Id. at 452-53. But the Eighth Circuit found those facts insufficient. Id. at 454.
The letters and telephone calls, the court observed, "in this purely
commercial setting did not supply the necessary minimal contact." Id. at 455.
The Court finds that authority to be controlling here. The nature and
quality, and quantity, of Merial's connections to Nebraska with respect to the
Settlement Agreement are, if anything, even more attenuated. It is important
to remember that the relationship between the defendant and the forum
"must arise out of contacts that the 'defendant himself' creates with the
forum State." Walden v. Fiore, 134 S. Ct. 1115, 1122 (2014) (quoting Burger
King, 471 U.S. at 475) (emphasis in original). And the "'minimum contacts'
analysis looks to the defendant's contacts with the forum State itself, not the
defendant's contacts with persons who reside there." Id.

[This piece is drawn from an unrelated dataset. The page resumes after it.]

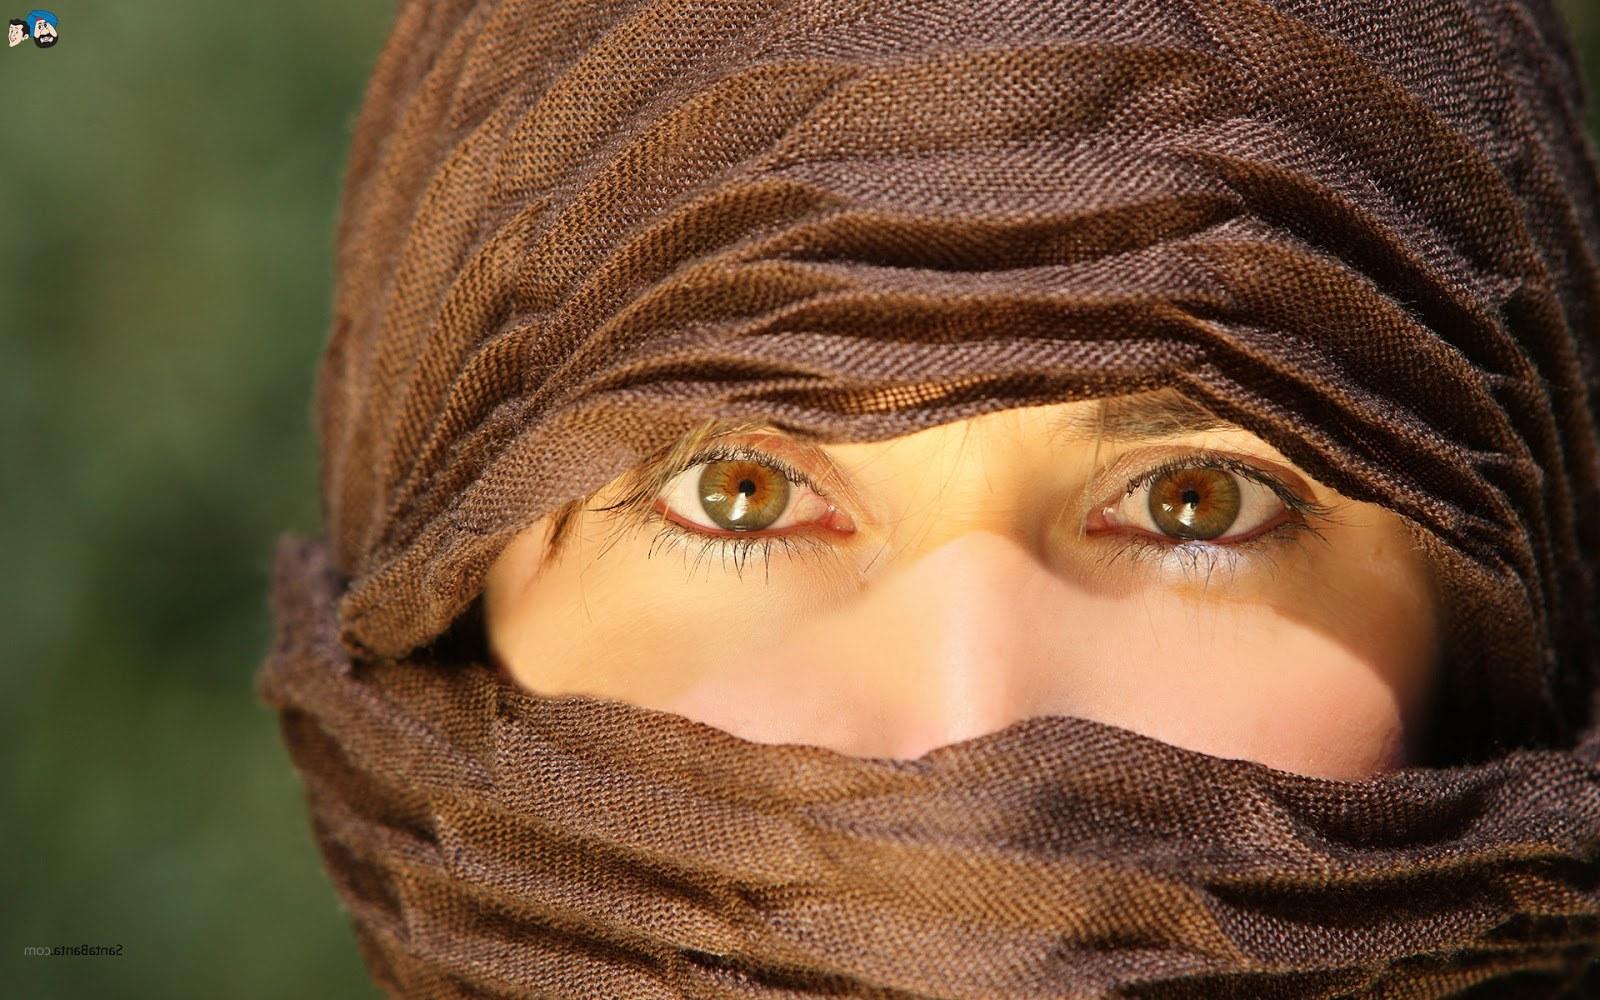 Ide Muslimah Bercadar E9dx Koleksi Wallpaper Wanita Muslimah Bercadar
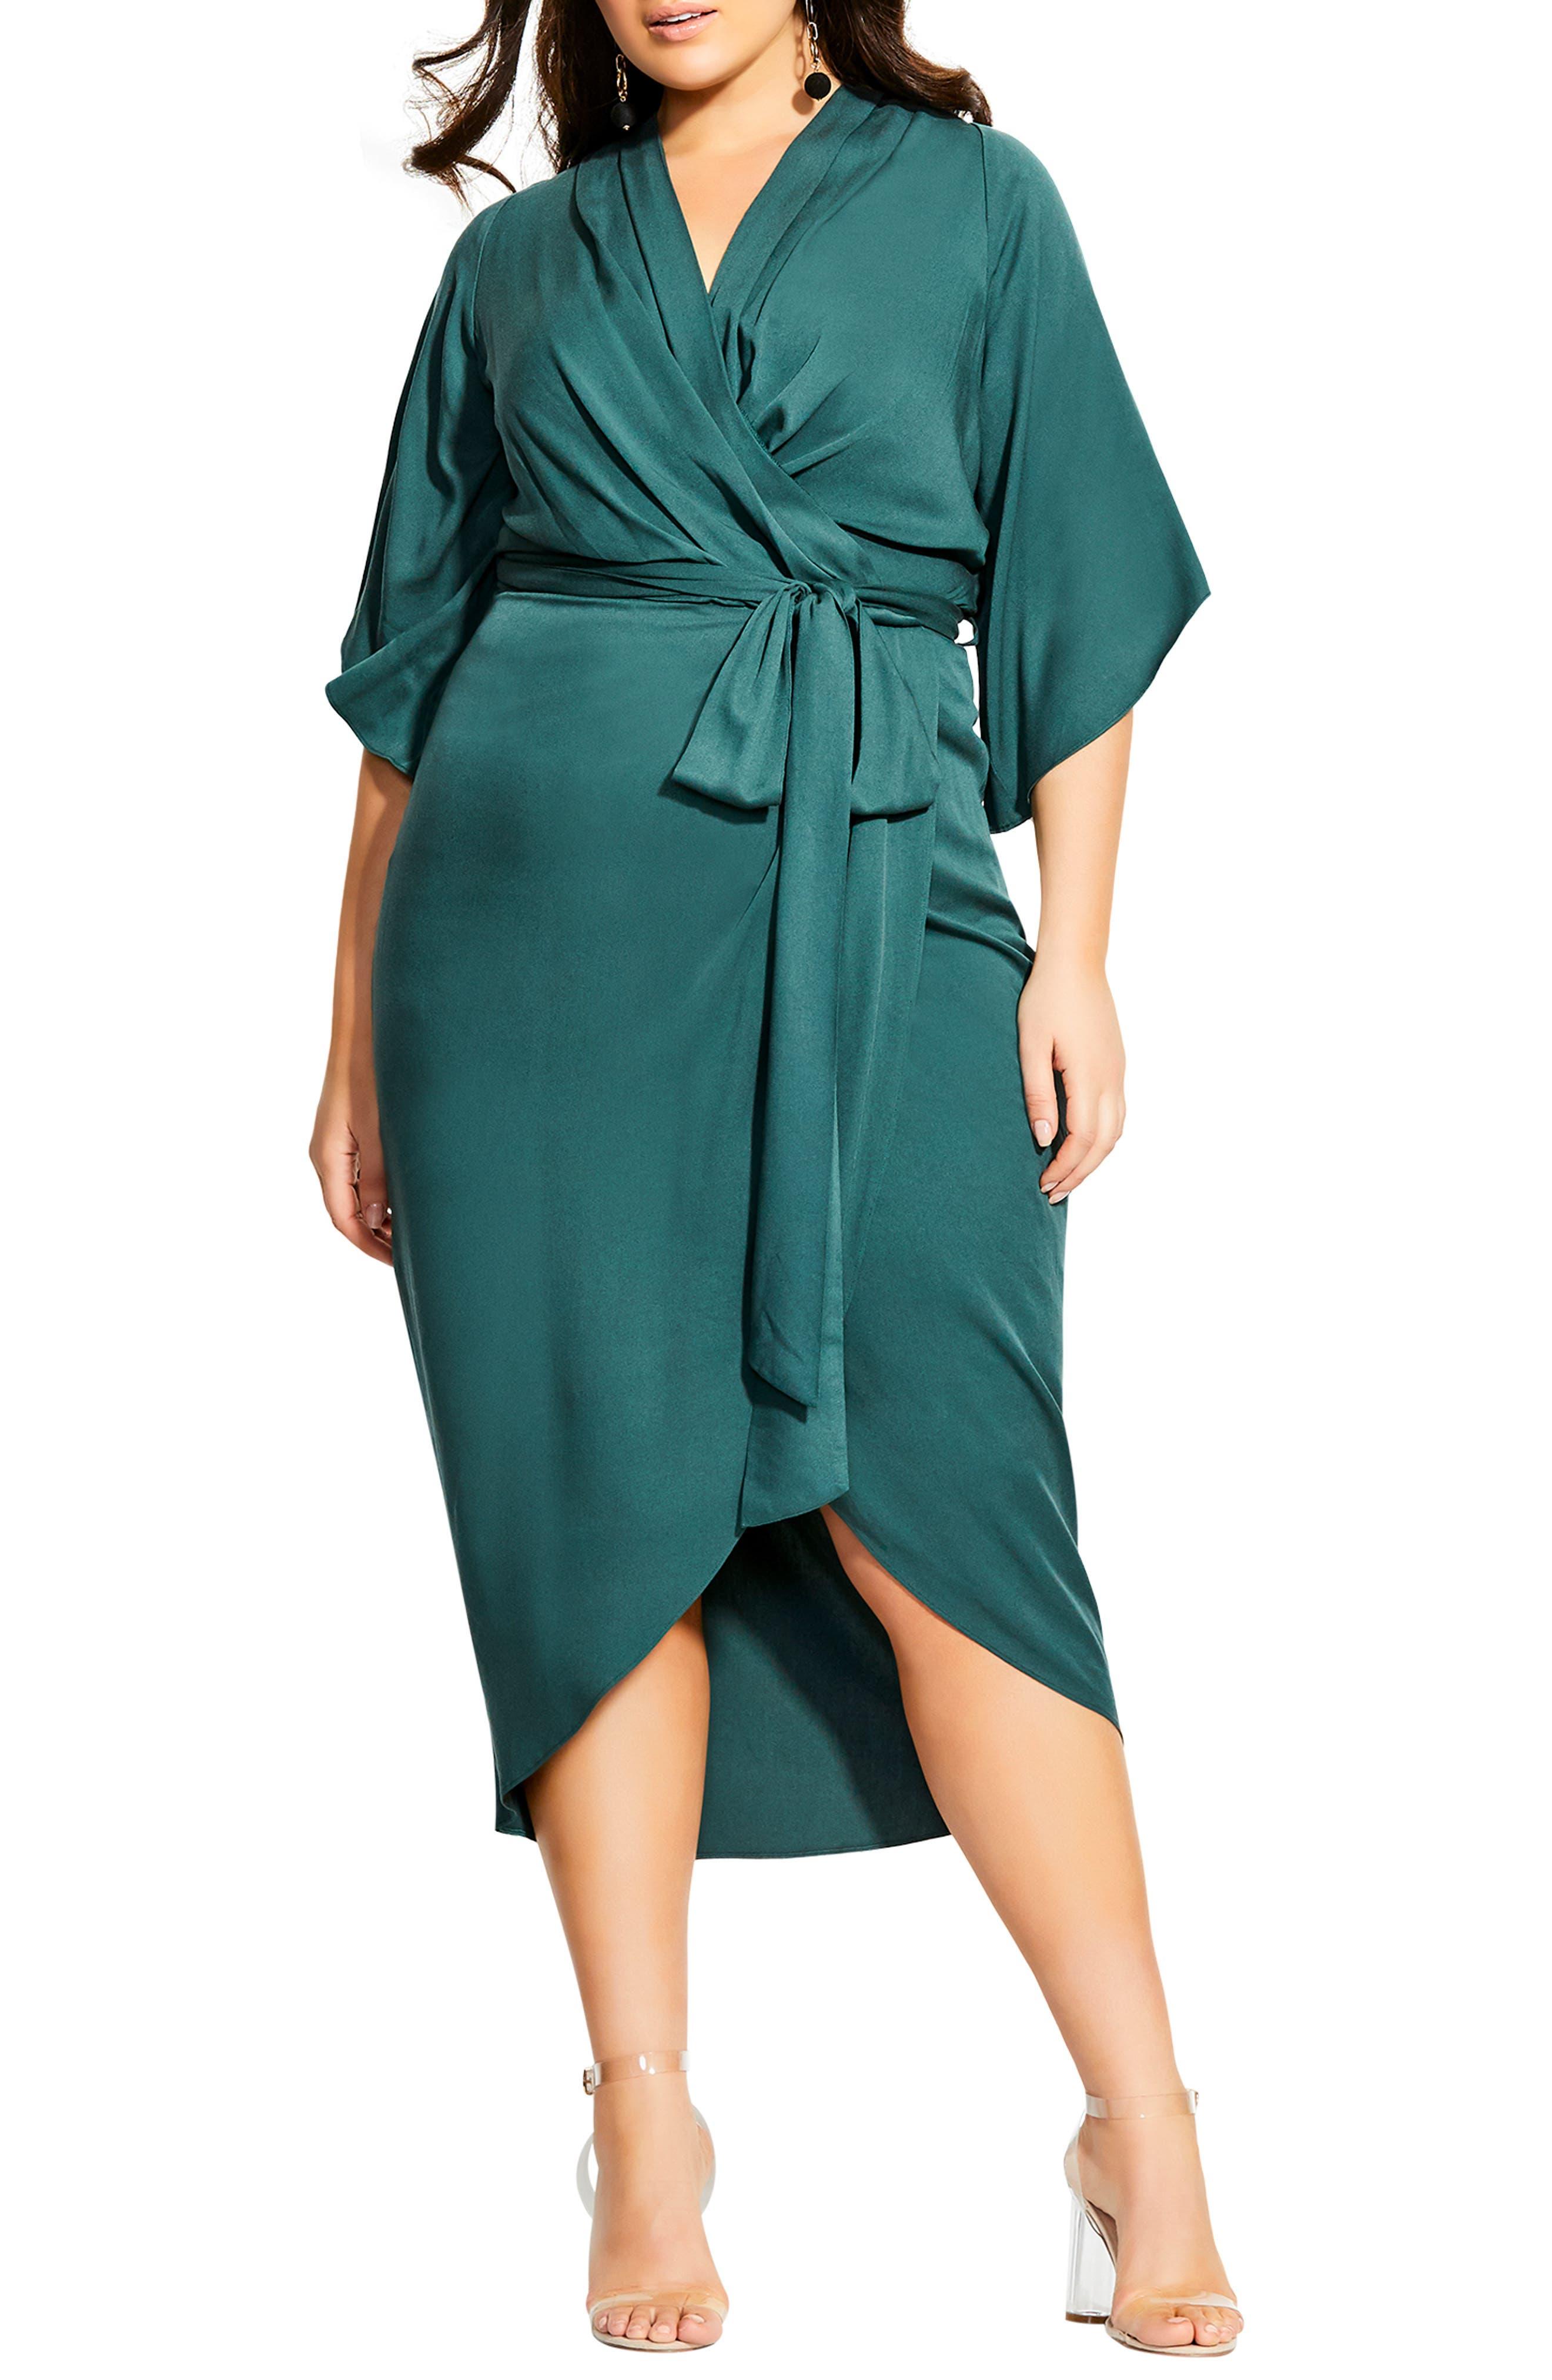 70s Dresses – Disco Dress, Hippie Dress, Wrap Dress Plus Size Womens City Chic Faux Wrap Dress Size X-Small - Green $109.00 AT vintagedancer.com

So,
the plaintiff cannot be the only link between the defendant and
the forum. Rather, it is the defendant's conduct that must form
the necessary connection with the forum State that is the basis
for its jurisdiction over him. To be sure, a defendant's contacts
with the forum State may be intertwined with his transactions or
interactions with the plaintiff or other parties. But a defendant's
relationship with a plaintiff or third party, standing alone, is an
insufficient basis for jurisdiction. Due process requires that a
defendant be haled into court in a forum State based on his own
-6-
affiliation with the State, not based on the "random, fortuitous, or
attenuated" contacts he makes by interacting with other persons
affiliated with the State.
Id. at 1122-23 (citations omitted).
The rest of the Eighth Circuit's five-part test does little to help Perrigo.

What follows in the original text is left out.